• _EXERCISE_: Transcribe the listing below exactly, without pictures.

• _GIVEN INFORMATION_:
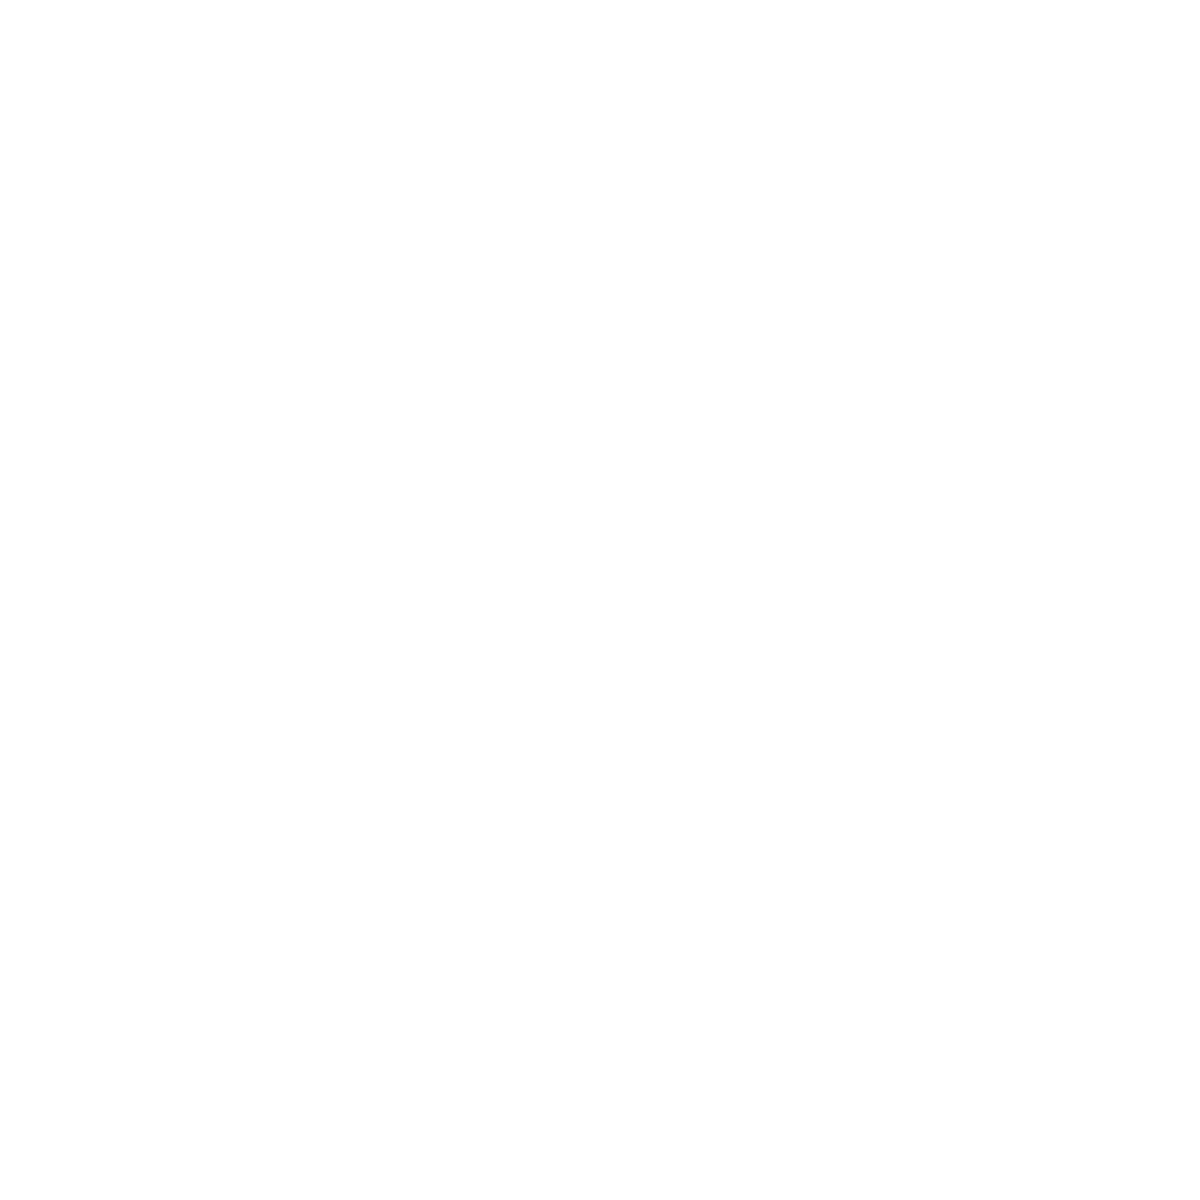 cosmética certificada sello
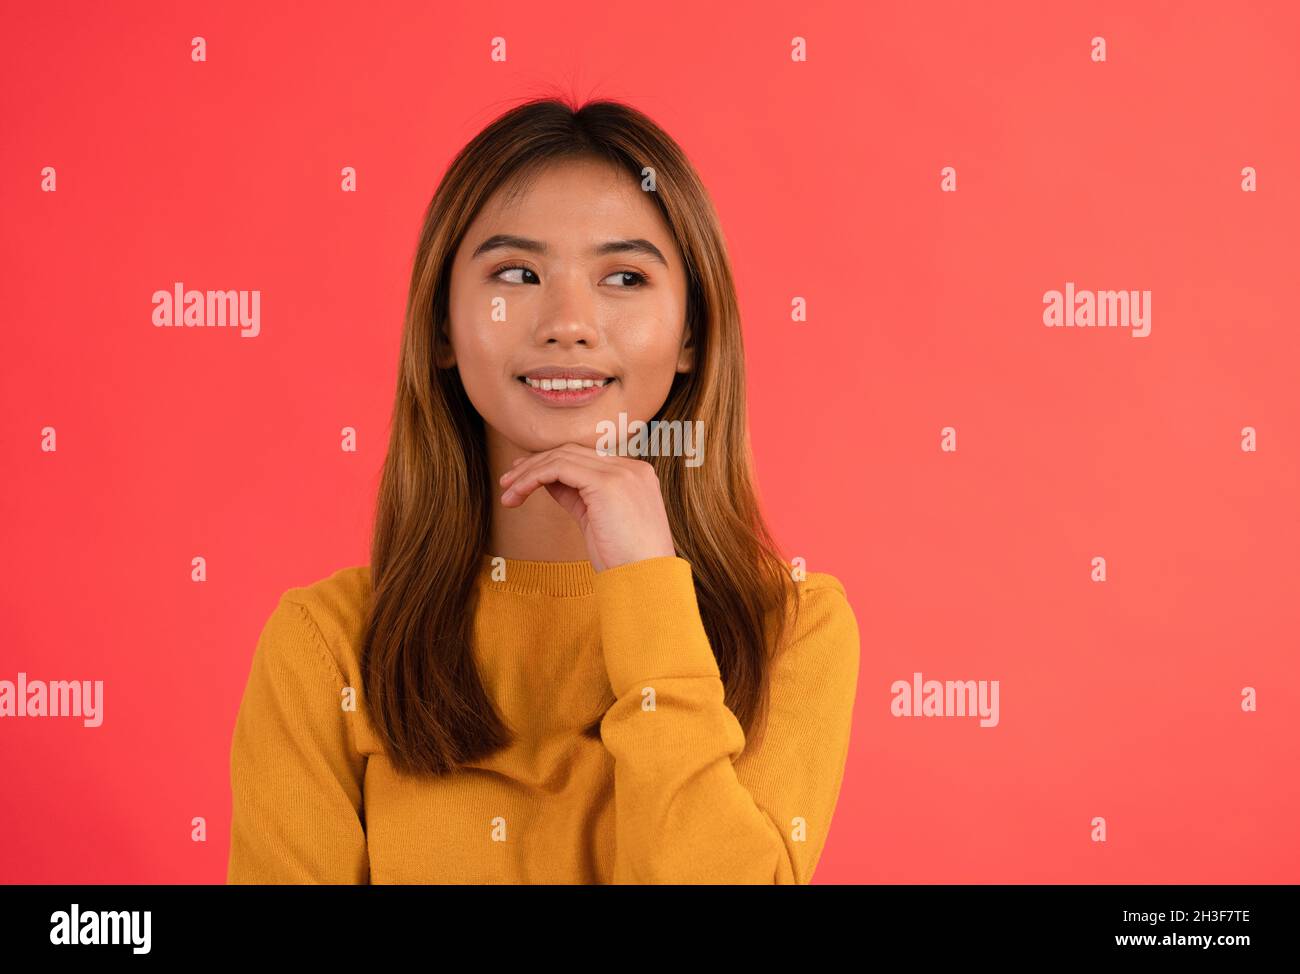 Retrato de joven atractiva chica asiática sonriendo mientras piensa con las manos en la barbilla Foto de stock
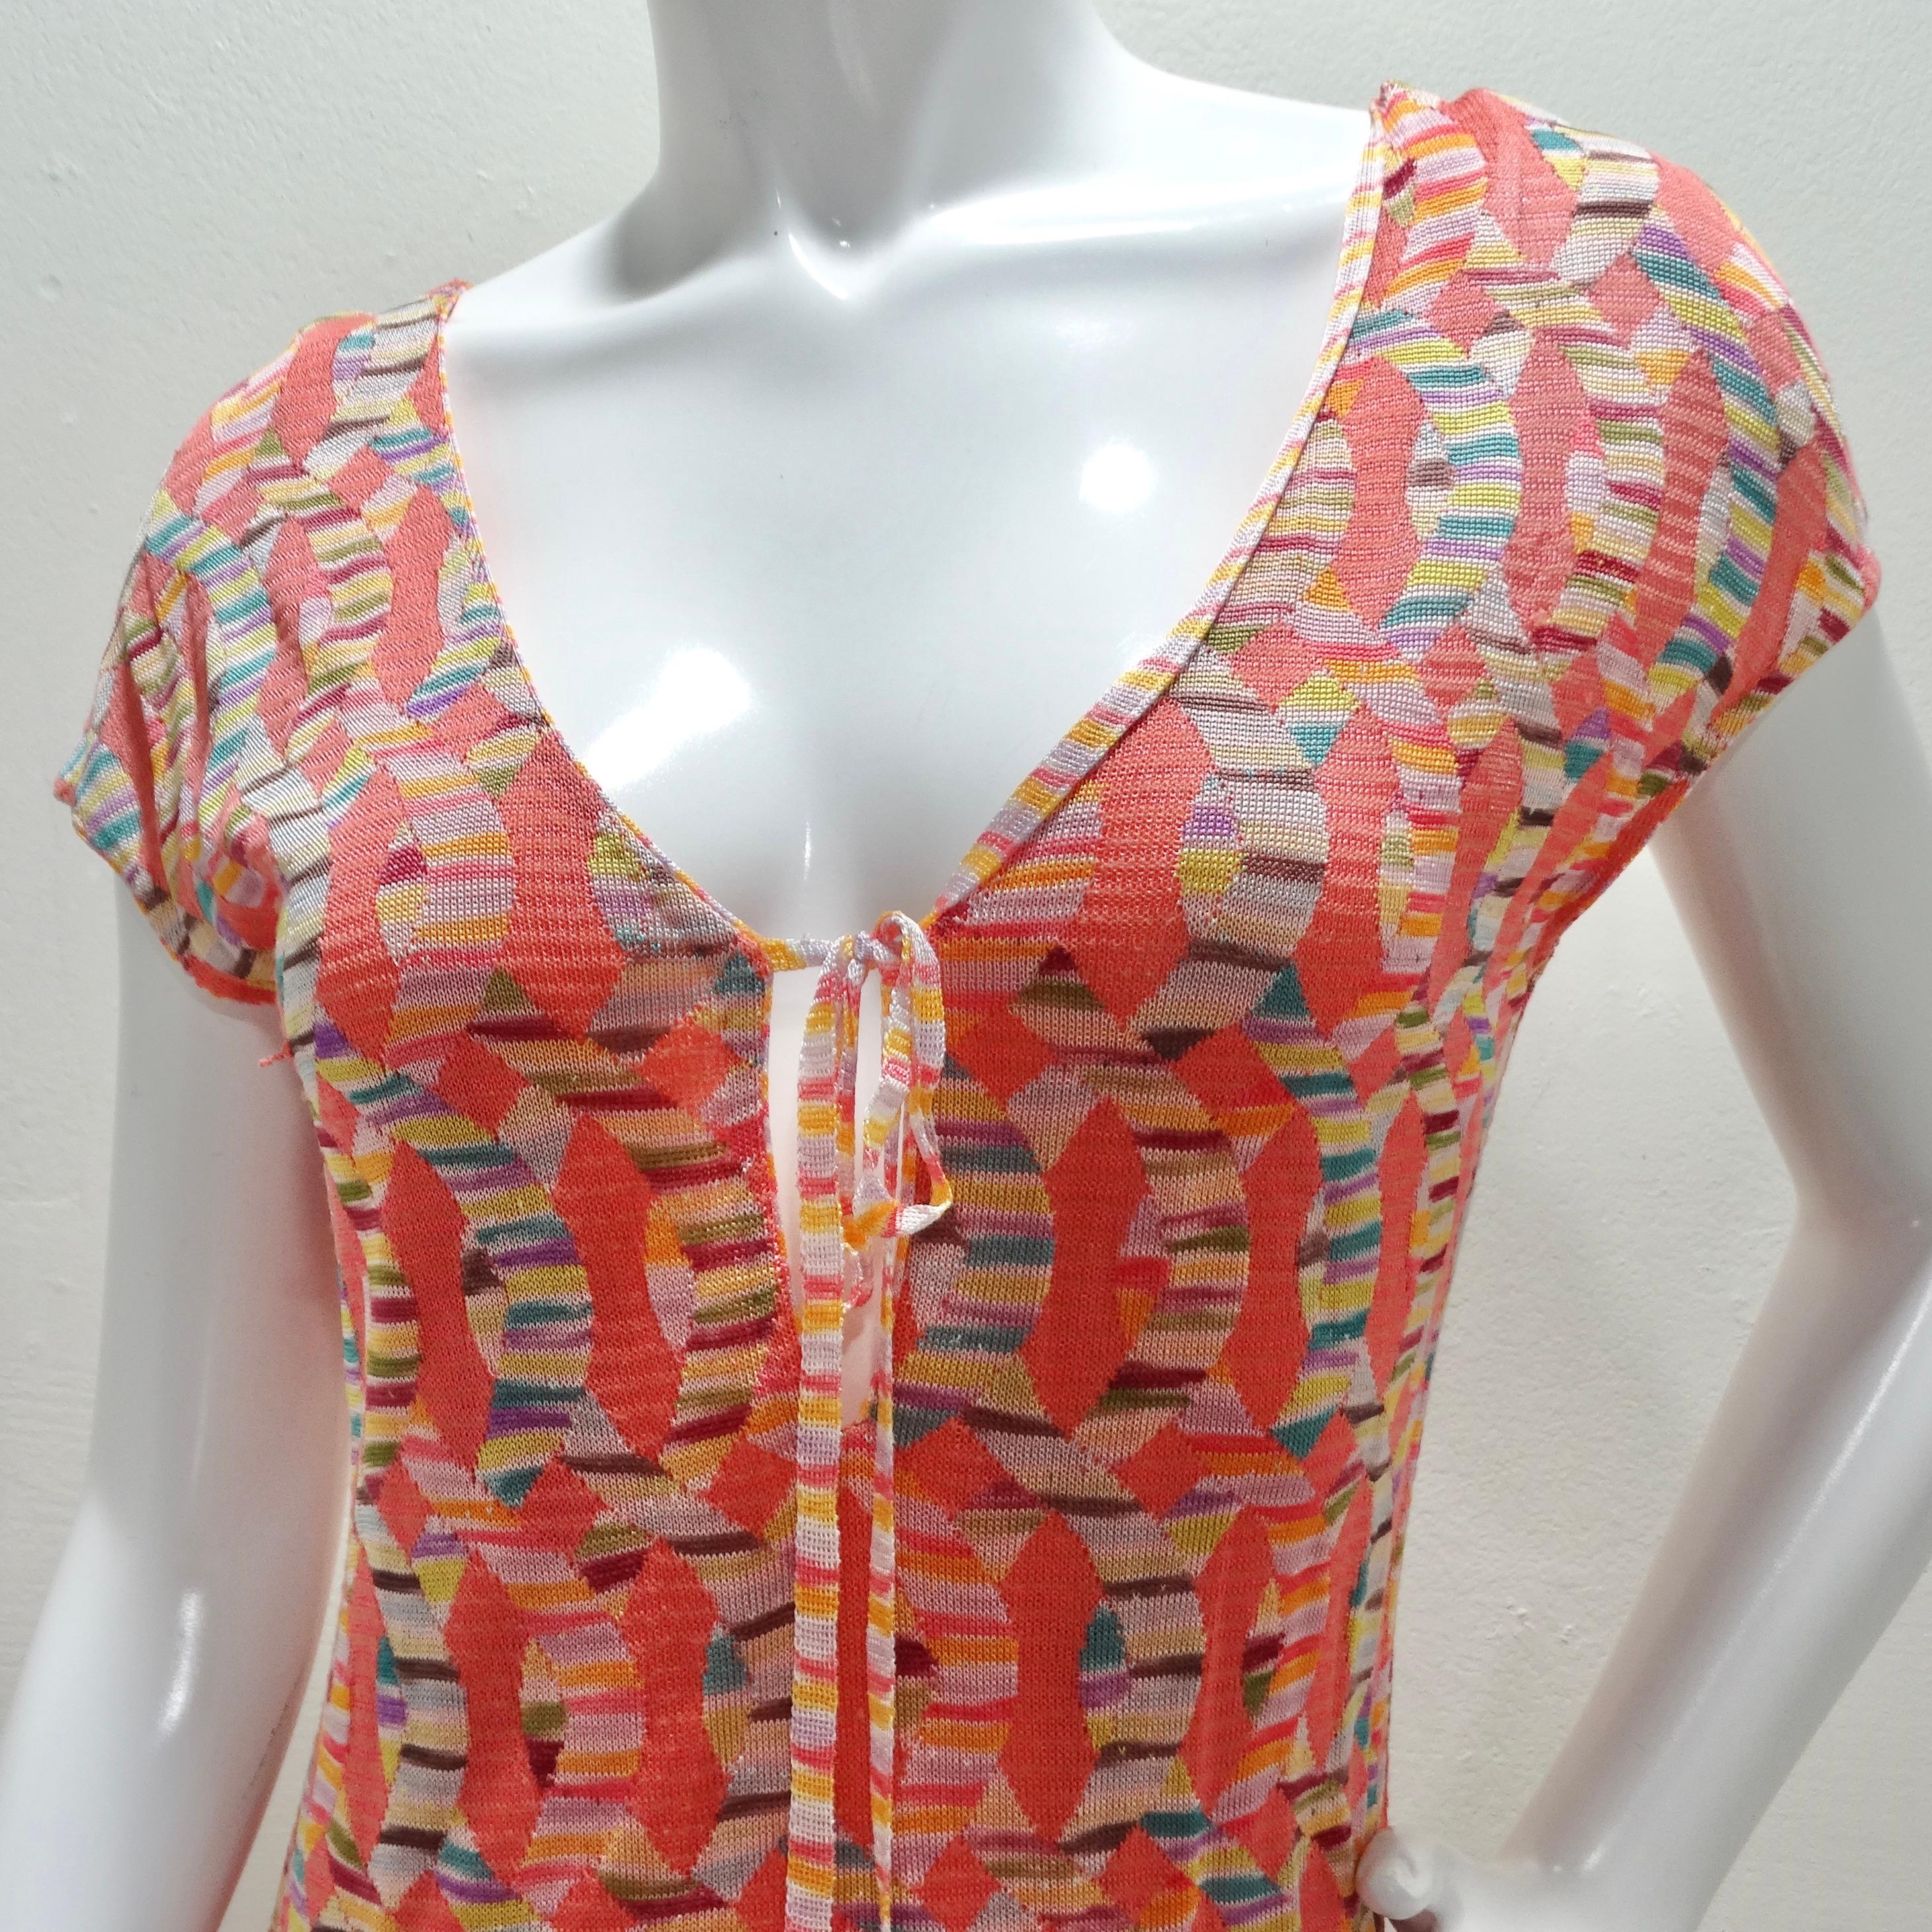 Das Missoni 1990s Multicolor Knit Keyhole Tie Dress ist ein fesselndes Vintage-Stück, das die Essenz des kultigen Missoni-Stils verkörpert.

Dieses mittellange Kleid aus luxuriösem, mehrfarbig bedrucktem Missoni-Strick besticht durch sein

• _REPLY TO THE TASK_:
 cosmética certificada sello
 Retrato de joven atractiva chica asiática sonriendo mientras piensa con las manos en la barbilla Foto de stock
 Das Missoni 1990s Multicolor Knit Keyhole Tie Dress ist ein fesselndes Vintage-Stück, das die Essenz des kultigen Missoni-Stils verkörpert.

Dieses mittellange Kleid aus luxuriösem, mehrfarbig bedrucktem Missoni-Strick besticht durch sein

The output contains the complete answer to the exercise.